→ **YOUR INSTRUCTIONS**:
Among the entries that follow, locate the line with "Zapatos promocionales para" and the line with "Smith PIVLOCKARE XB". Output those lines and all lines in between, exactly, minus the pictures.

→ **DATA PROVIDED**:
--*--

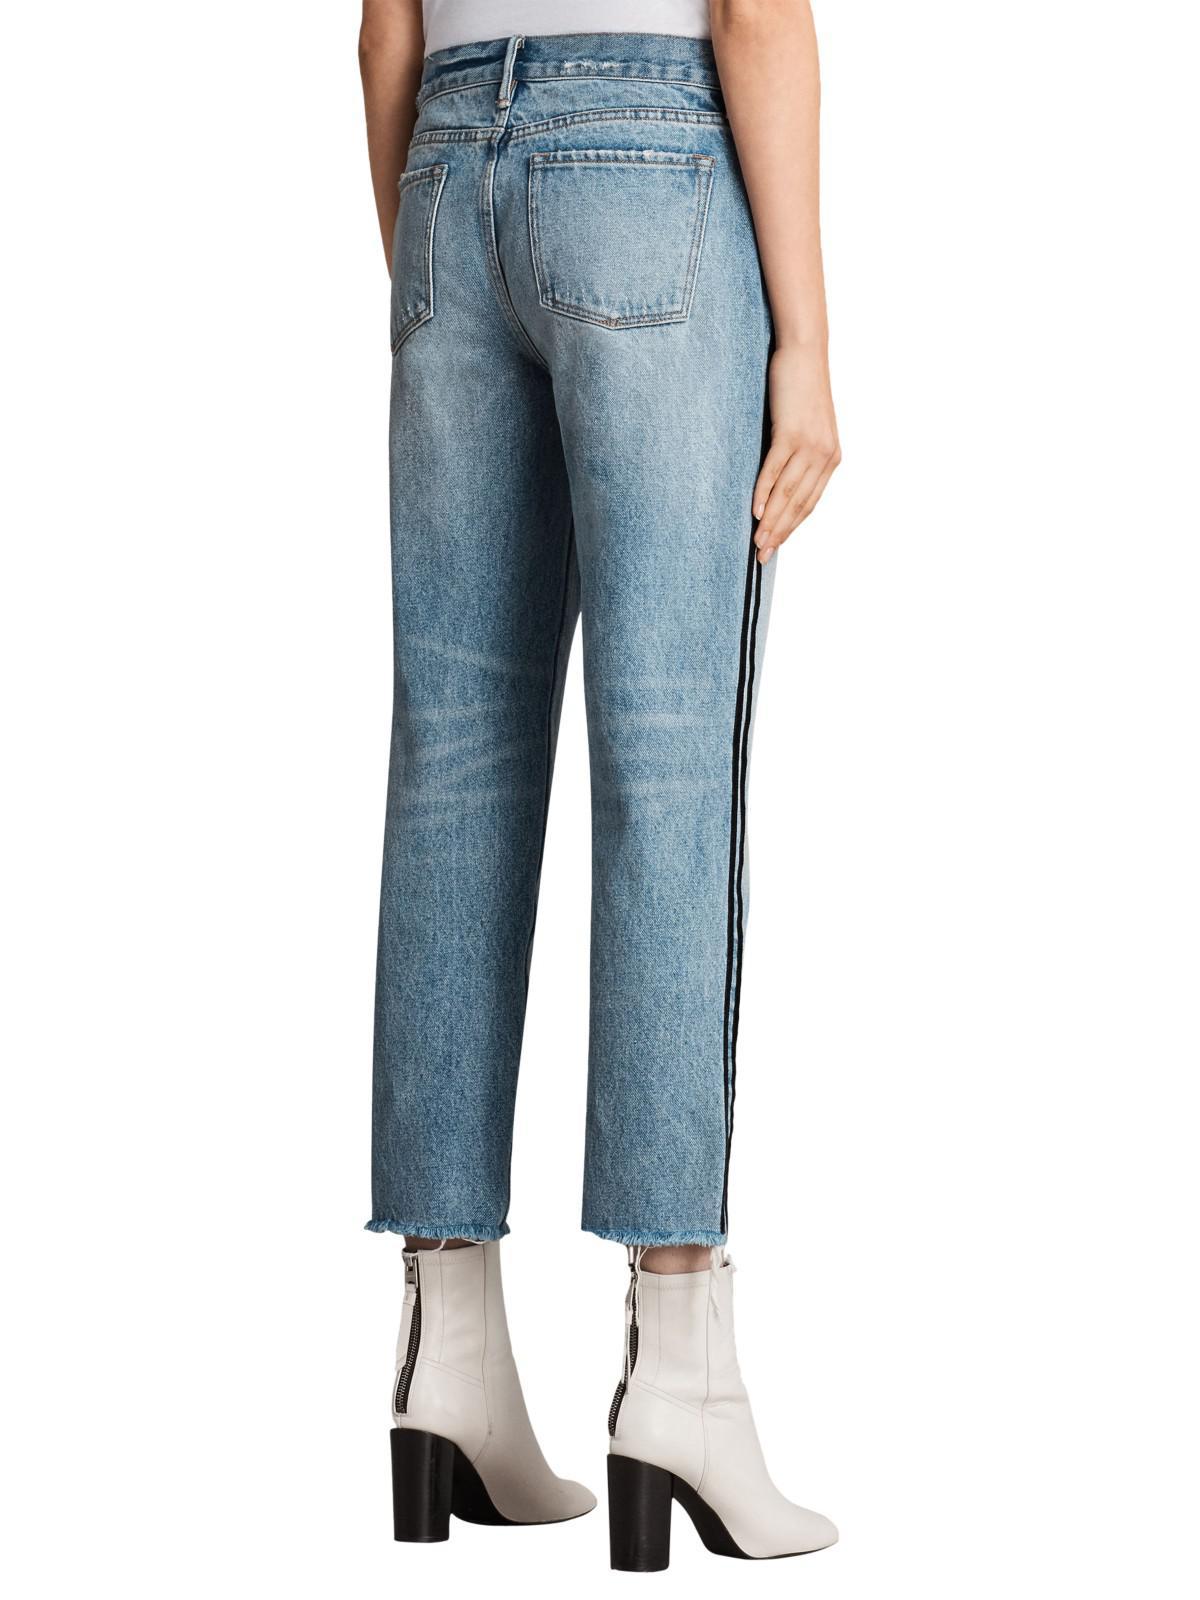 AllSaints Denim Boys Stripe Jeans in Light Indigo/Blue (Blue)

--*--

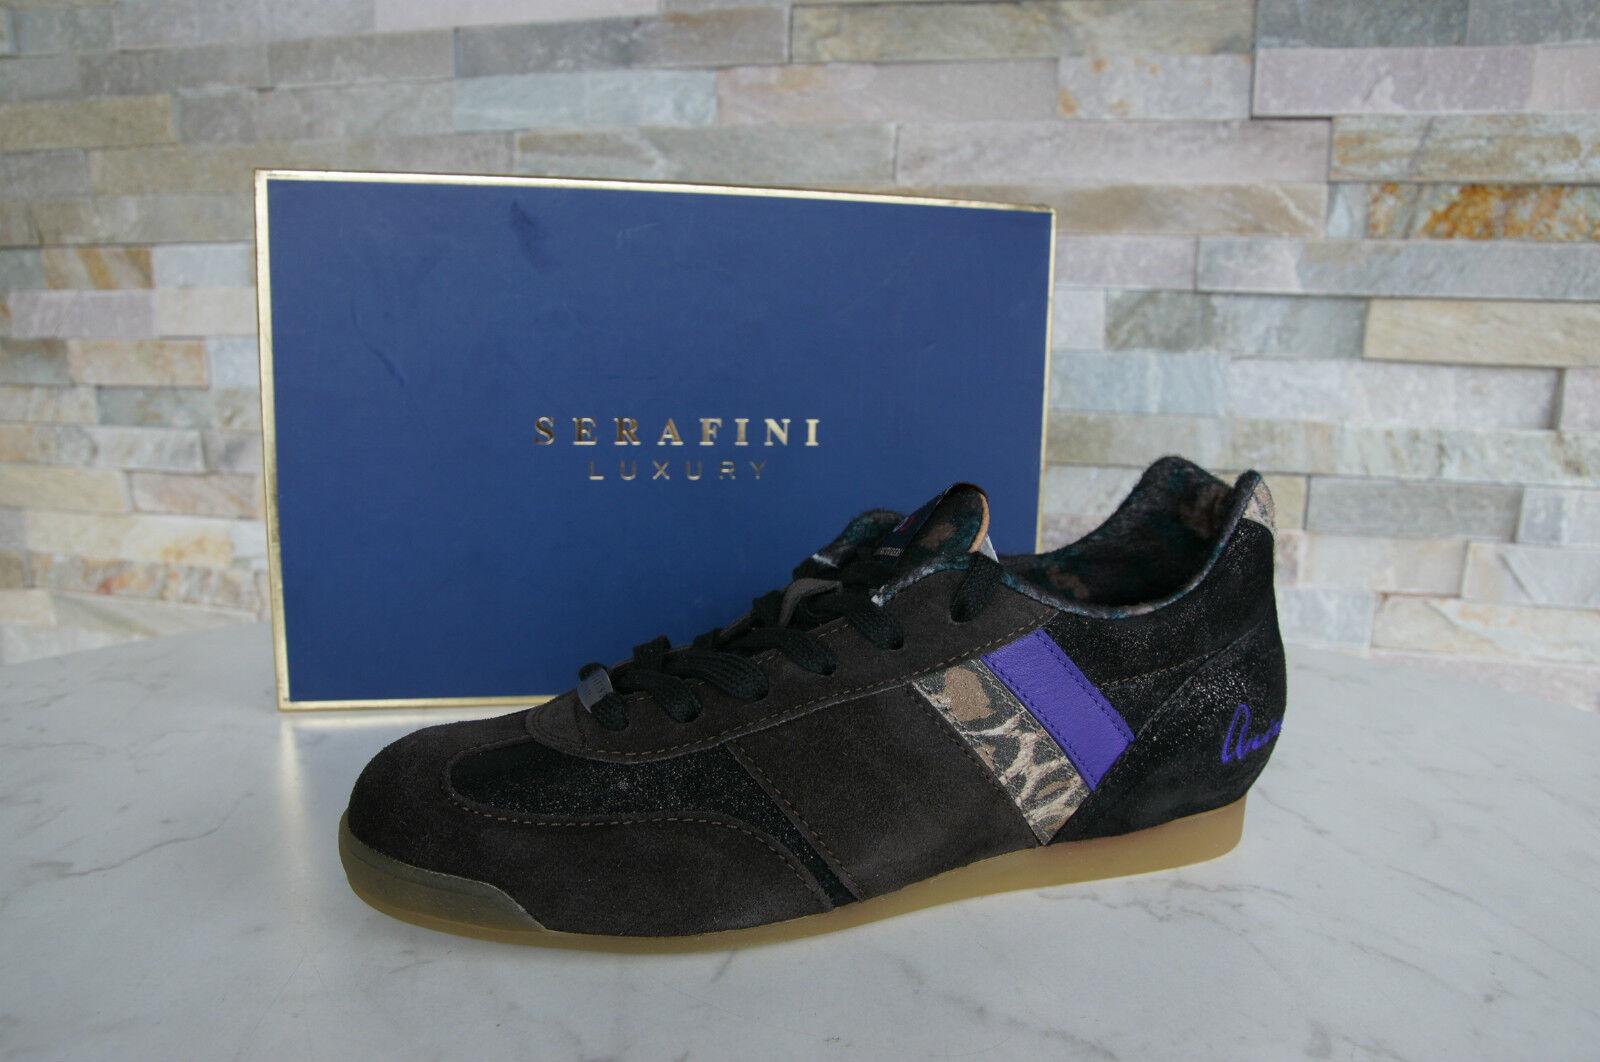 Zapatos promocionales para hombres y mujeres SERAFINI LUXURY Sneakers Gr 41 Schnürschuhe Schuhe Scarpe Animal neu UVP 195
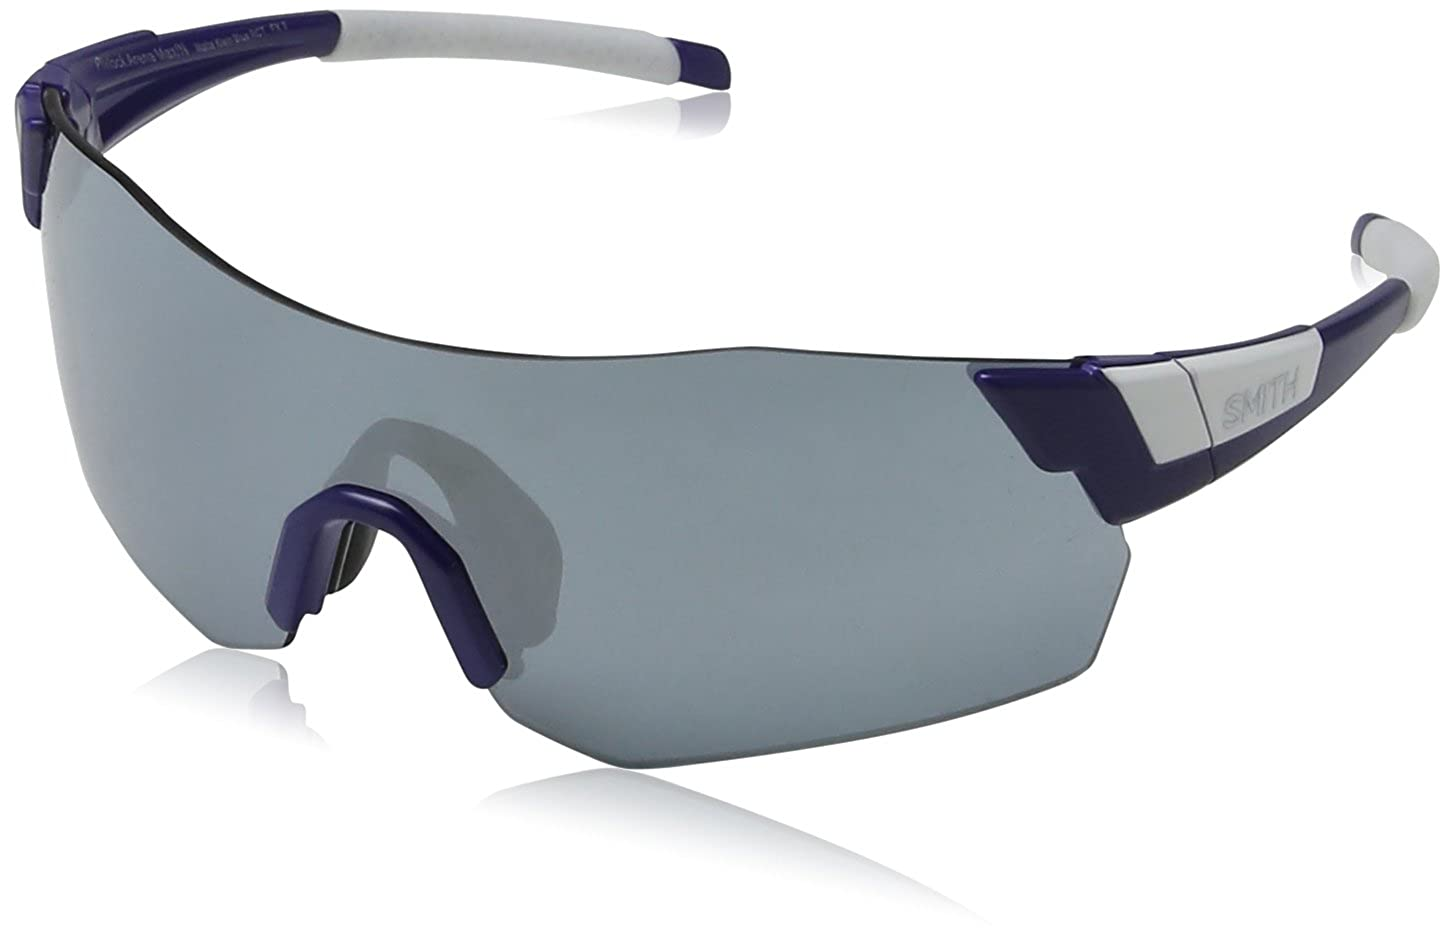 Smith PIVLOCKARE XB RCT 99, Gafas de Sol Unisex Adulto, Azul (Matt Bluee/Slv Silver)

--*--

→ **RESULT**:
 Zapatos promocionales para hombres y mujeres SERAFINI LUXURY Sneakers Gr 41 Schnürschuhe Schuhe Scarpe Animal neu UVP 195
 Smith PIVLOCKARE XB RCT 99, Gafas de Sol Unisex Adulto, Azul (Matt Bluee/Slv Silver)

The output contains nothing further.